WHAT YOU NEED TO DO: Write out exactly the lines from the one containing "Victoria True: Or, The" to the end of the material, both ends included, and nothing else. Leave pictures out.

BEGIN INPUT DATA

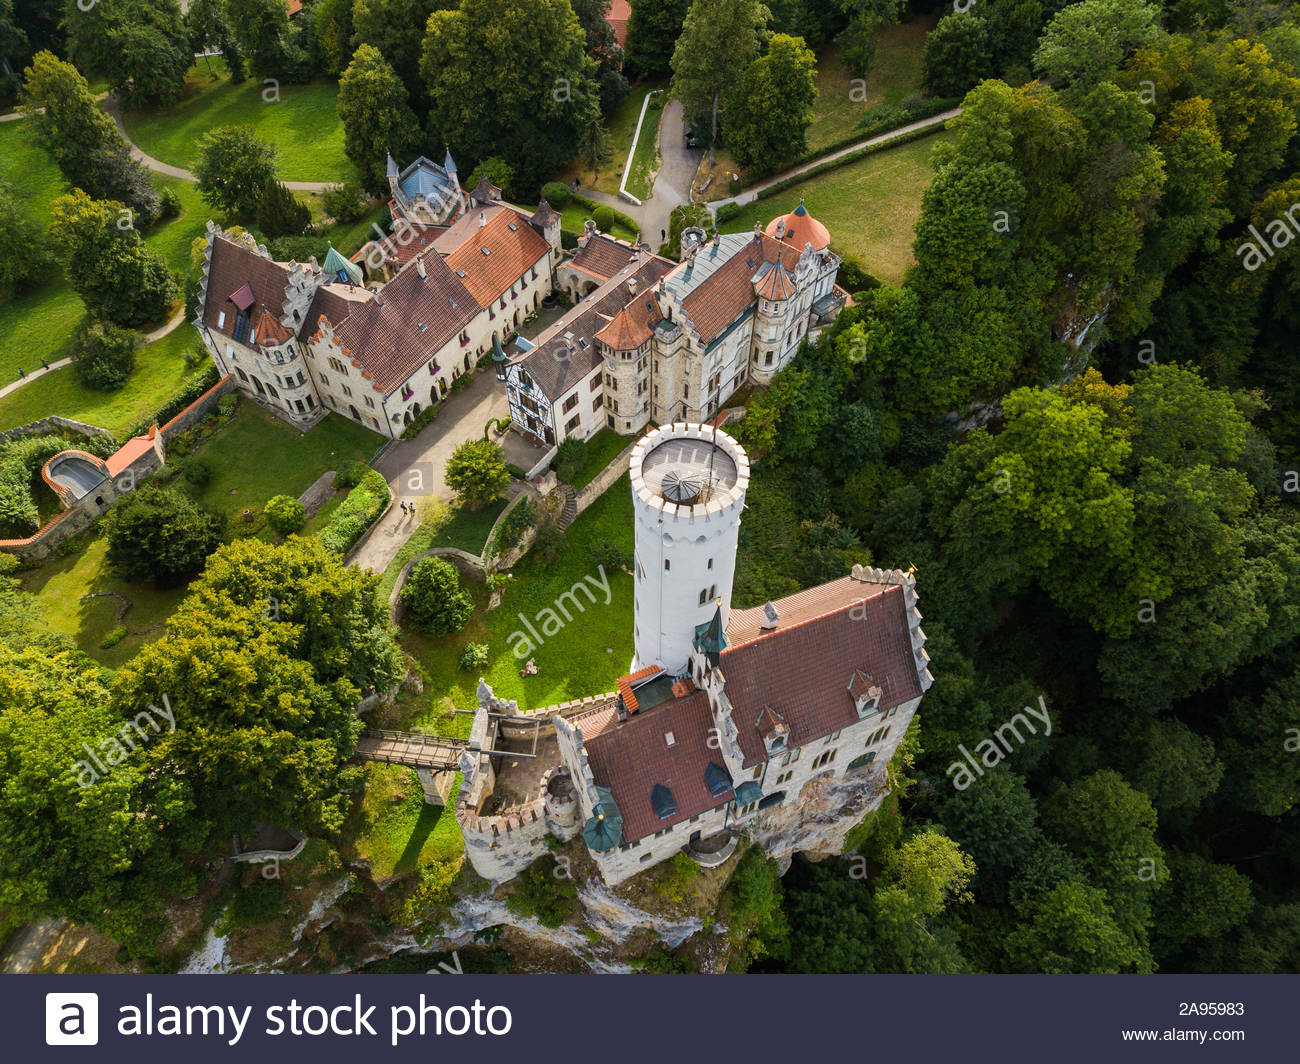 aerial-view-of-lichtenstein-castle-in-cloudy-weather-germany-in-the-summer-2A95983.jpg
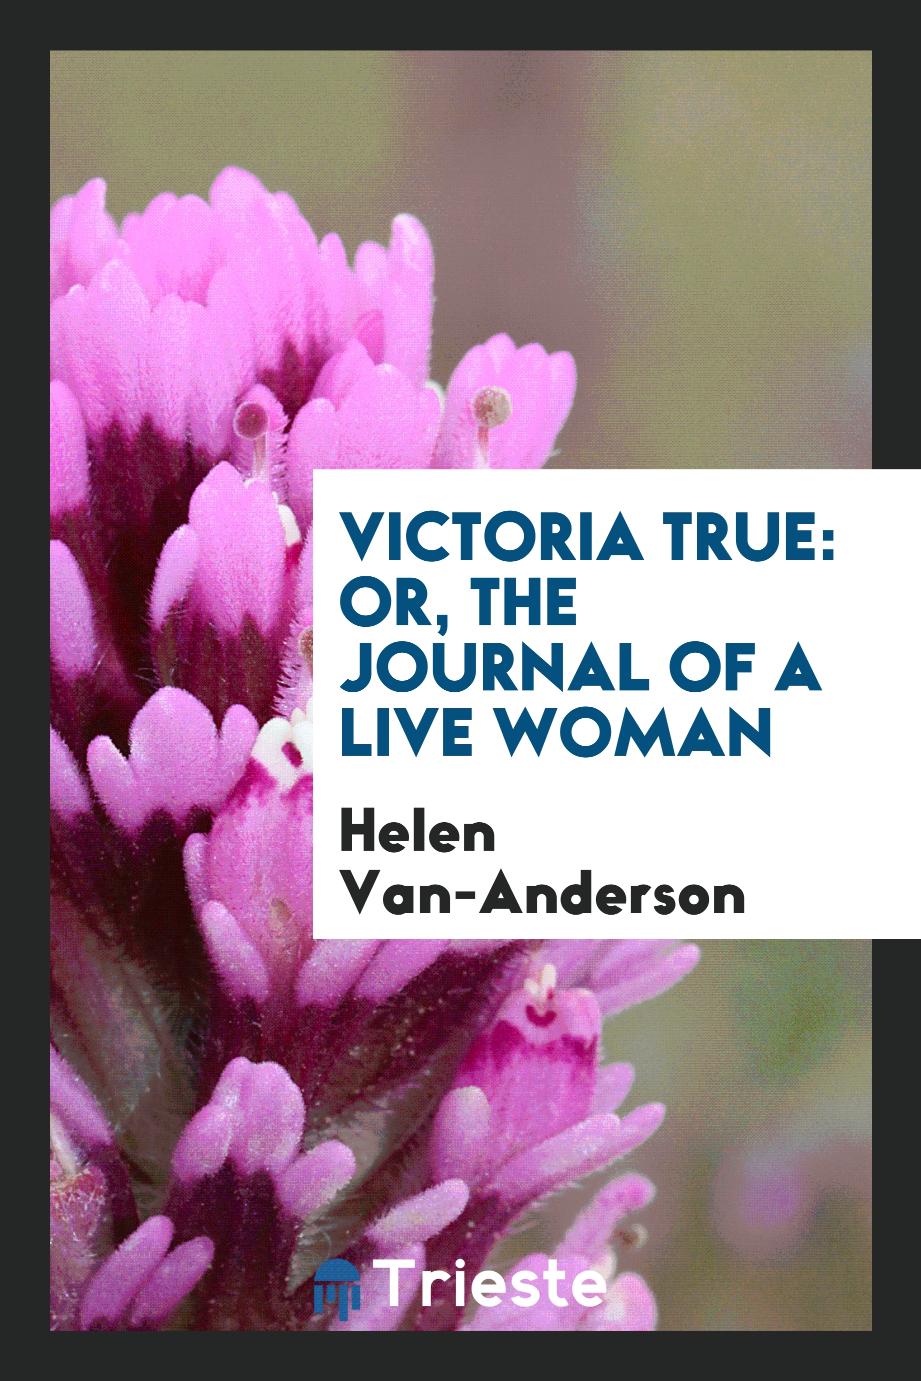 Victoria True: Or, The Journal of a Live Woman
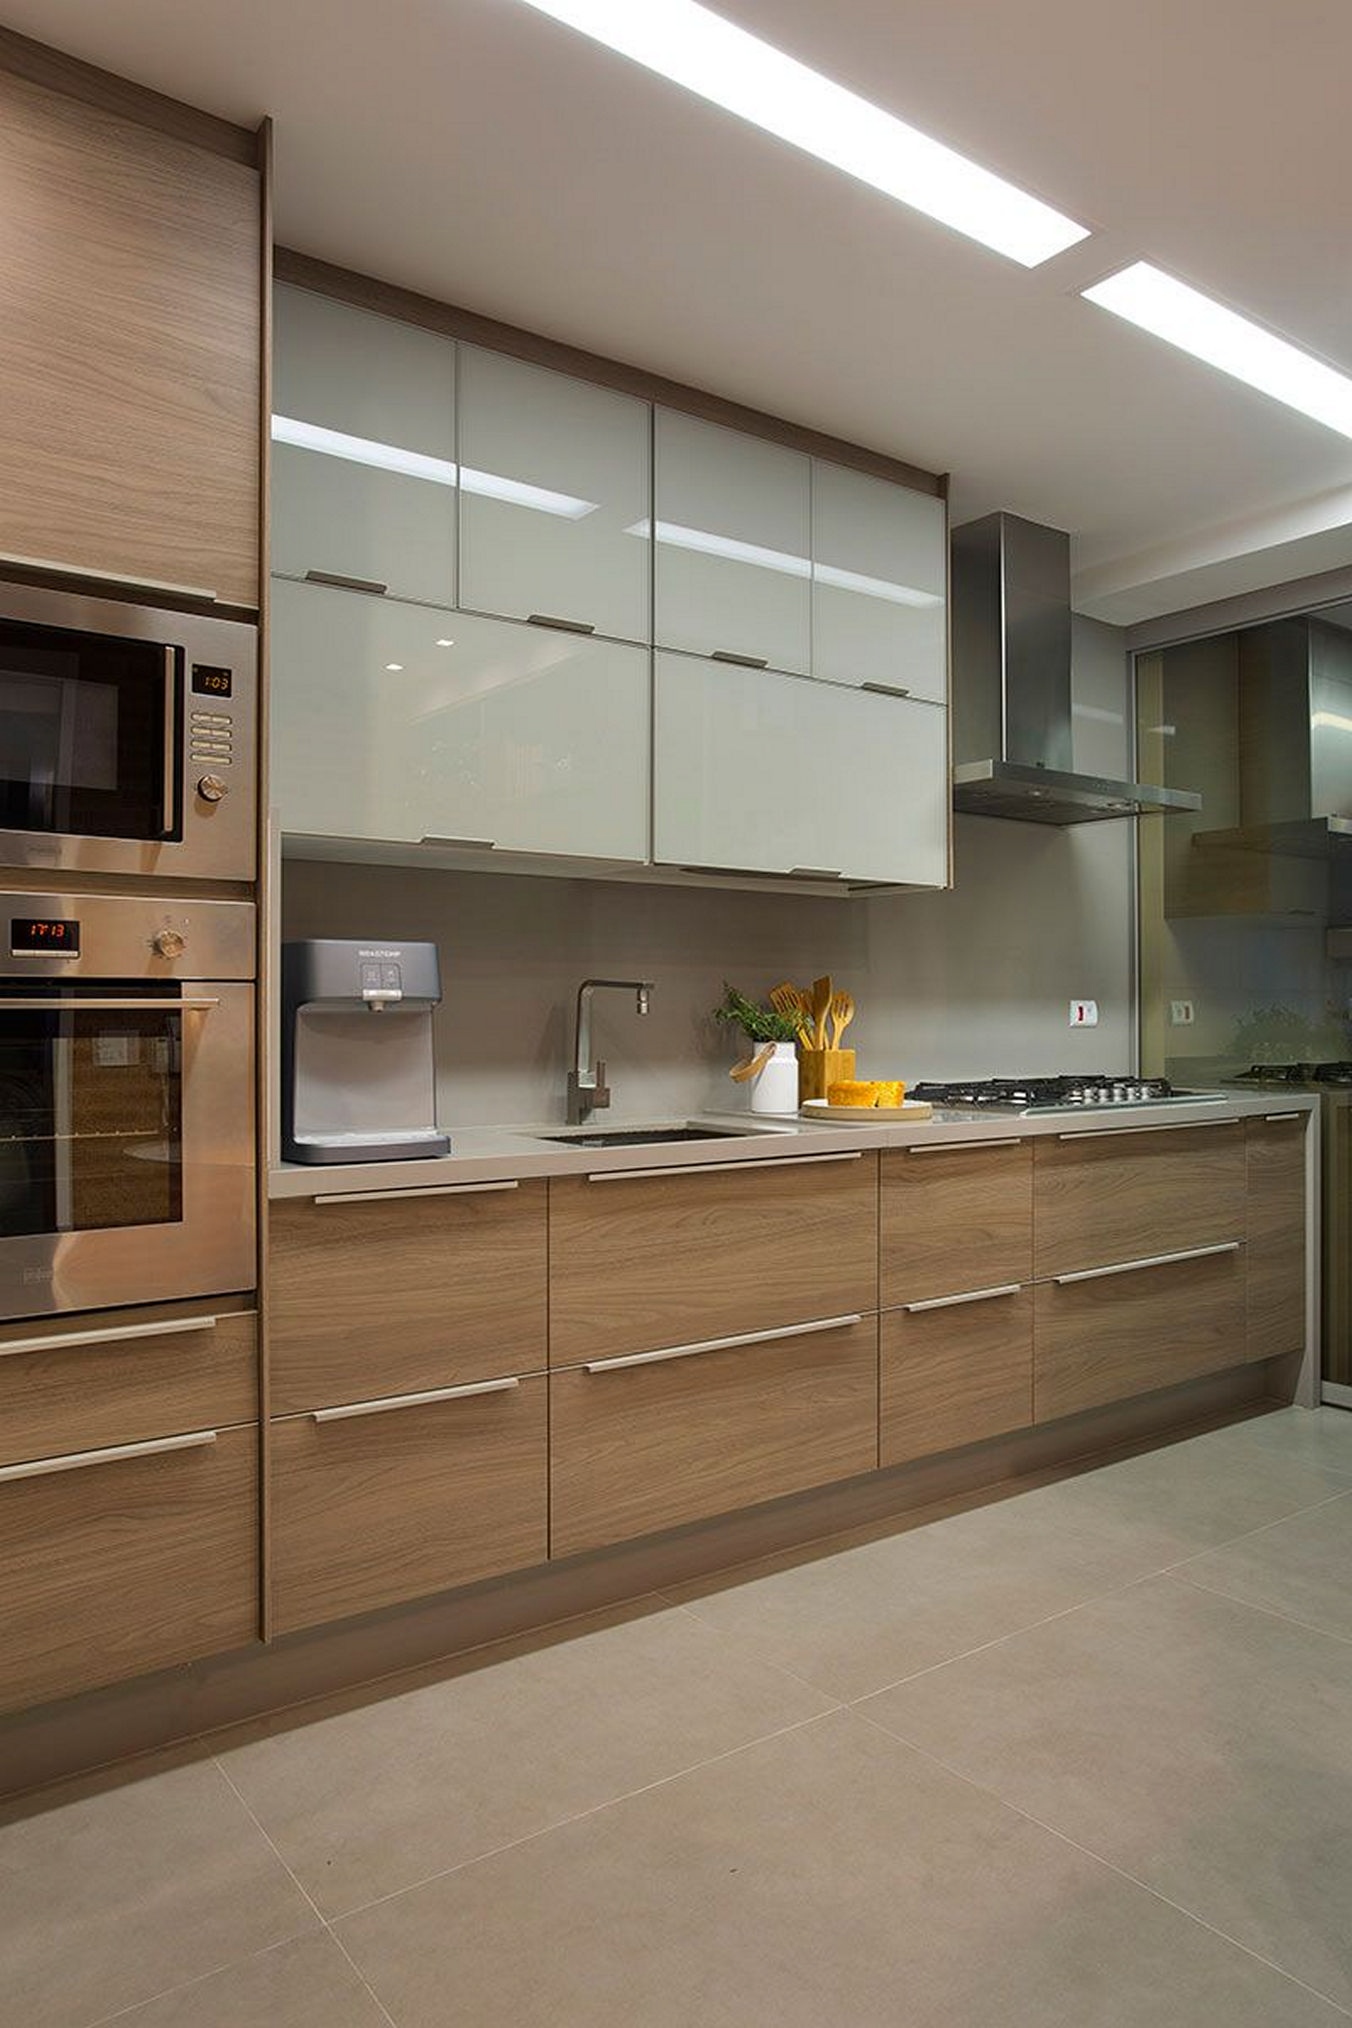 On-trend modern kitchen design and remodeling to keep in mind when planning a kitchen renovation 1
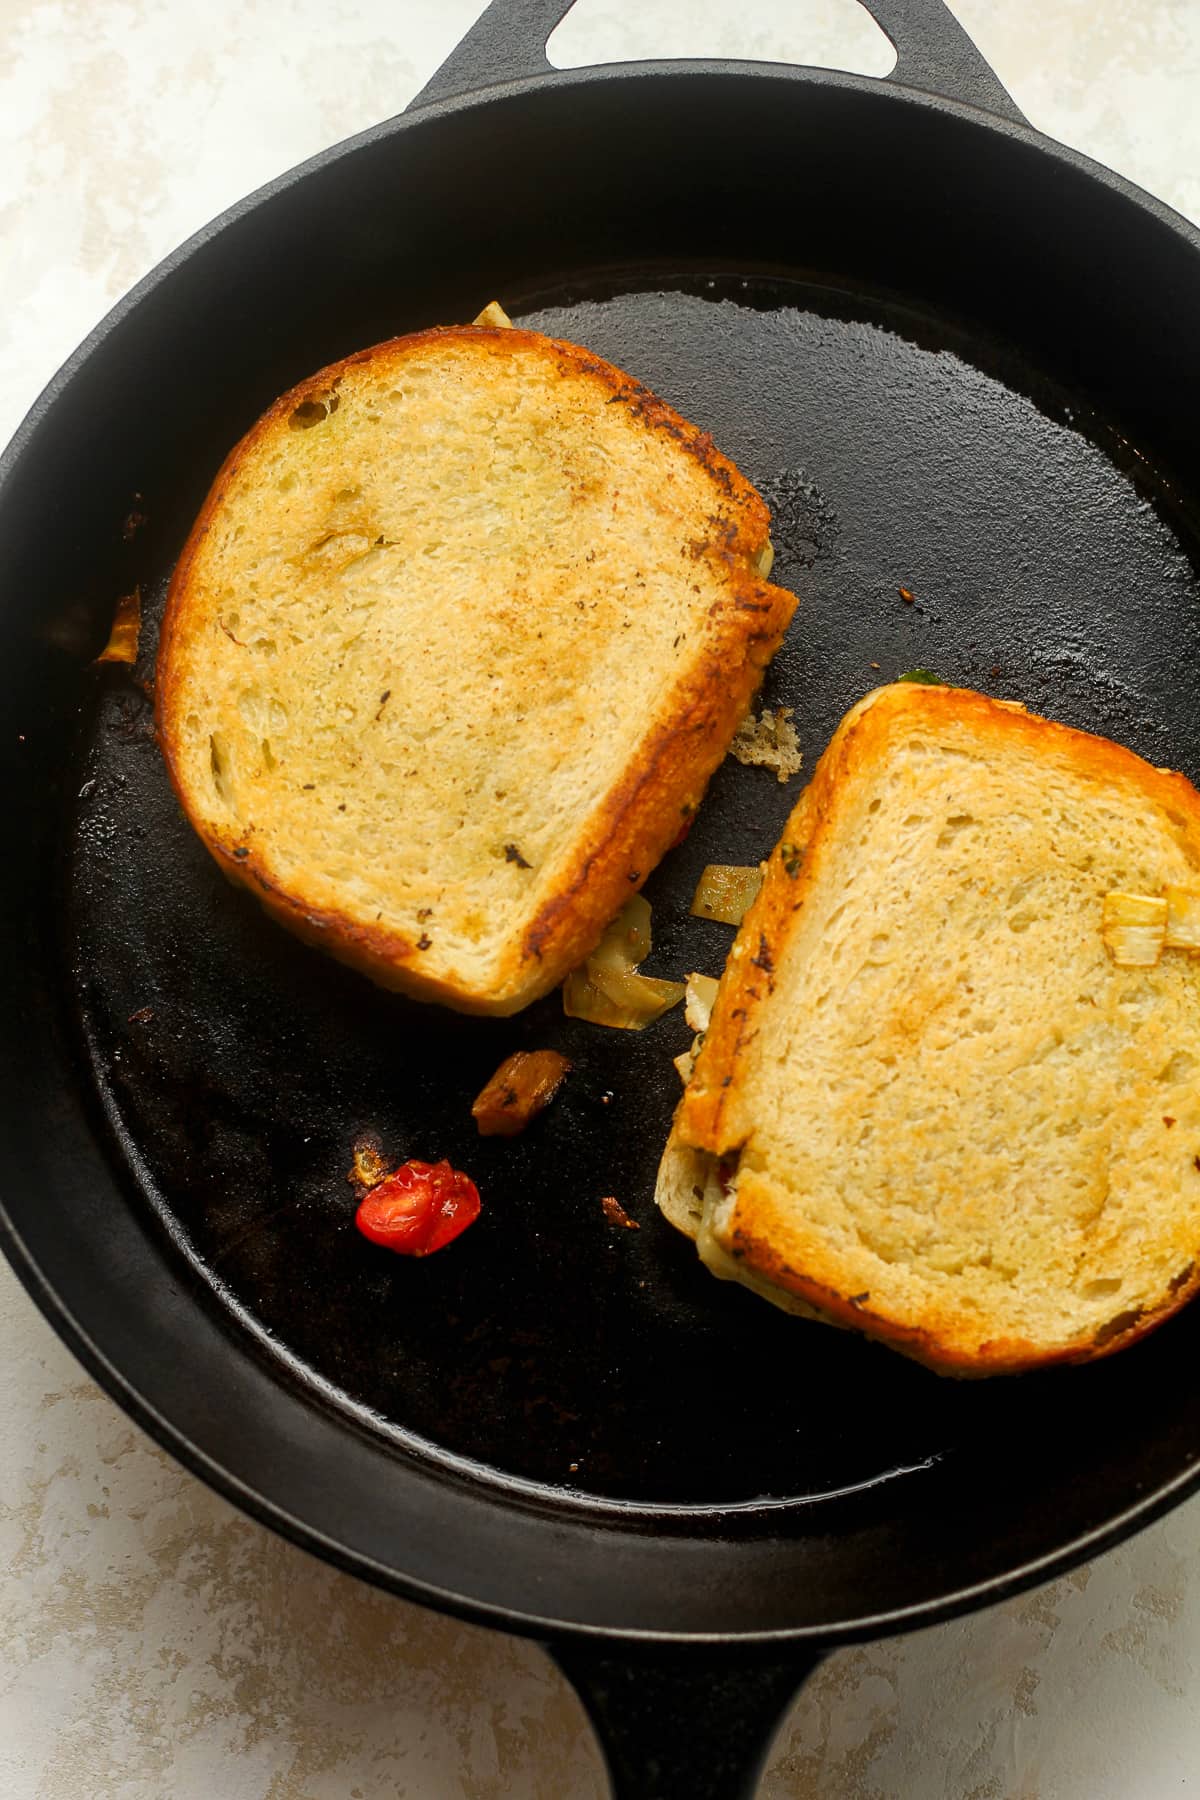 Two grilled sandwiches in a cast iron skillet.

END INPUT DATA

RESULT FOR THIS EXERCISE:
 Victoria True: Or, The Journal of a Live Woman
 On-trend modern kitchen design and remodeling to keep in mind when planning a kitchen renovation 1
 Two grilled sandwiches in a cast iron skillet.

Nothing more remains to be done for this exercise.